Replaces nnU-Net's .pth pickle checkpoints with a self-describing safetensors layout, with a backwards-compatible dual-write so existing tooling keeps working.

Why

nnU-Net's existing code calls torch.load(..., weights_only=False) everywhere it loads a checkpoint. As of PyTorch 2.6 the default is weights_only=True, and CVE-2025-32434 (CVSS 9.3, fixed in 2.6.0) demonstrated remote code execution through torch.load even with weights_only=True. nnU-Net checkpoints contain optimizer state and arbitrary init_args, so every legacy load takes the unsafe path. Distributing pretrained .pth models to third parties is now distributing a known attack vector.
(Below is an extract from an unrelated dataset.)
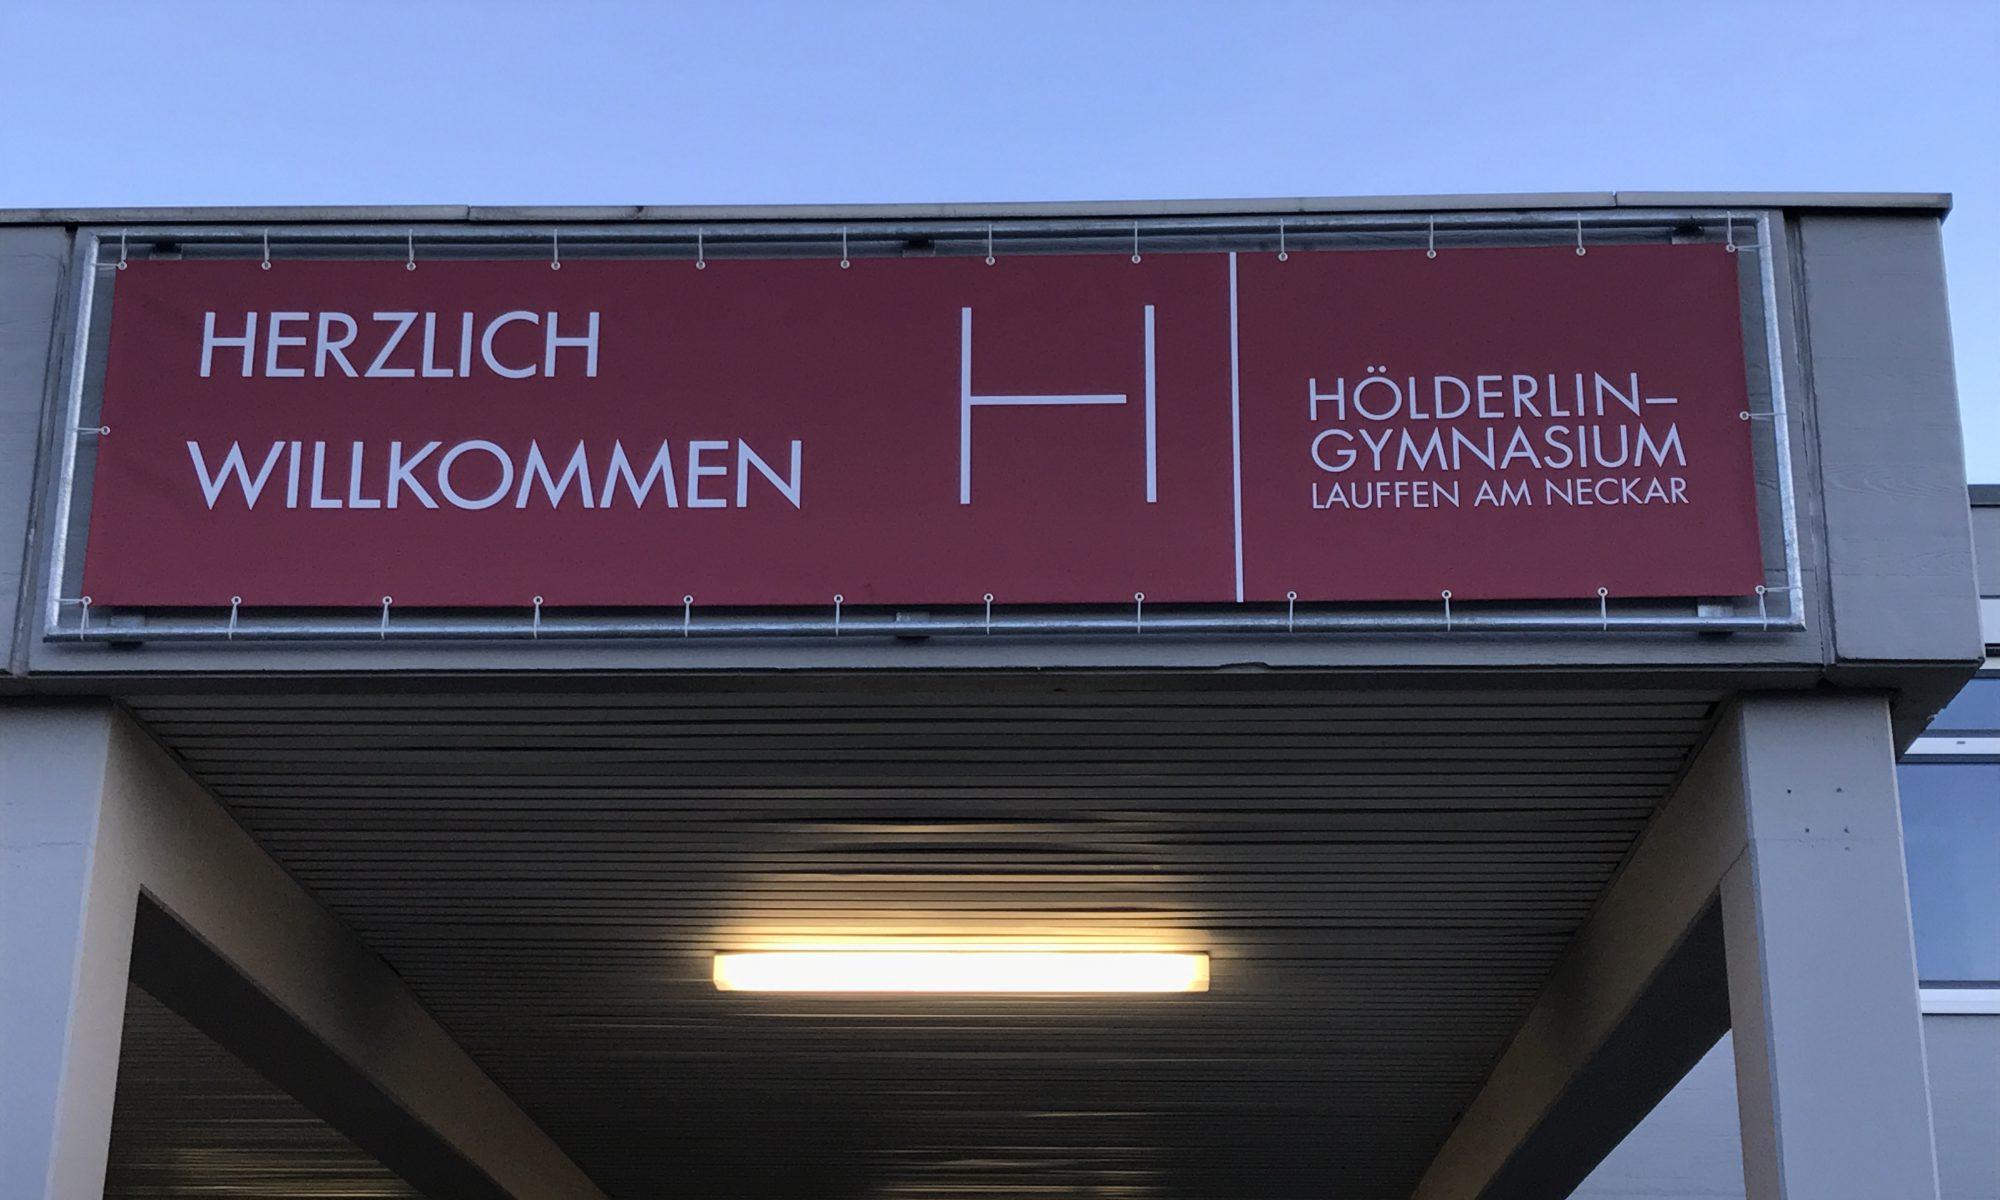 Förderverein Hölderlin-Gymnasium Lauffen

There is also a portability angle: .pth files are PyTorch pickle archives, so MLX, JAX, ONNX runtimes, and native C++ inference cannot deserialize them without taking a hard torch dependency purely to load weights. safetensors is framework-agnostic by design — the MLX inference port for Apple Silicon already uses this to provide a torch-free runtime.

What changes

For a checkpoint named checkpoint_final.pth the trainer now writes:

File	Group	Contents
`checkpoint_final.safetensors`	inference	Network weights only. Has `weight_layout=torch_ncdhw` in the safetensors metadata header so non-PyTorch loaders can transpose deterministically.
`checkpoint_final.json`	inference	Inference metadata only: `init_args`, `trainer_name`, `inference_allowed_mirroring_axes`. Small.
`checkpoint_final.trainer_state.safetensors`	trainer state	Optimizer + grad_scaler tensors, flattened with dotted keys (`optimizer.state.<param_id>.<buffer_name>`).
`checkpoint_final.trainer_state.json`	trainer state	Trainer Python state: `current_epoch`, `_best_ema`, `logging`, plus skeletons for the optimizer and grad_scaler dicts with tensor placeholders.
`checkpoint_final.pth`	(legacy)	Legacy pickle. Written by default for backwards compat; opt out with `nnUNet_save_pth=0`.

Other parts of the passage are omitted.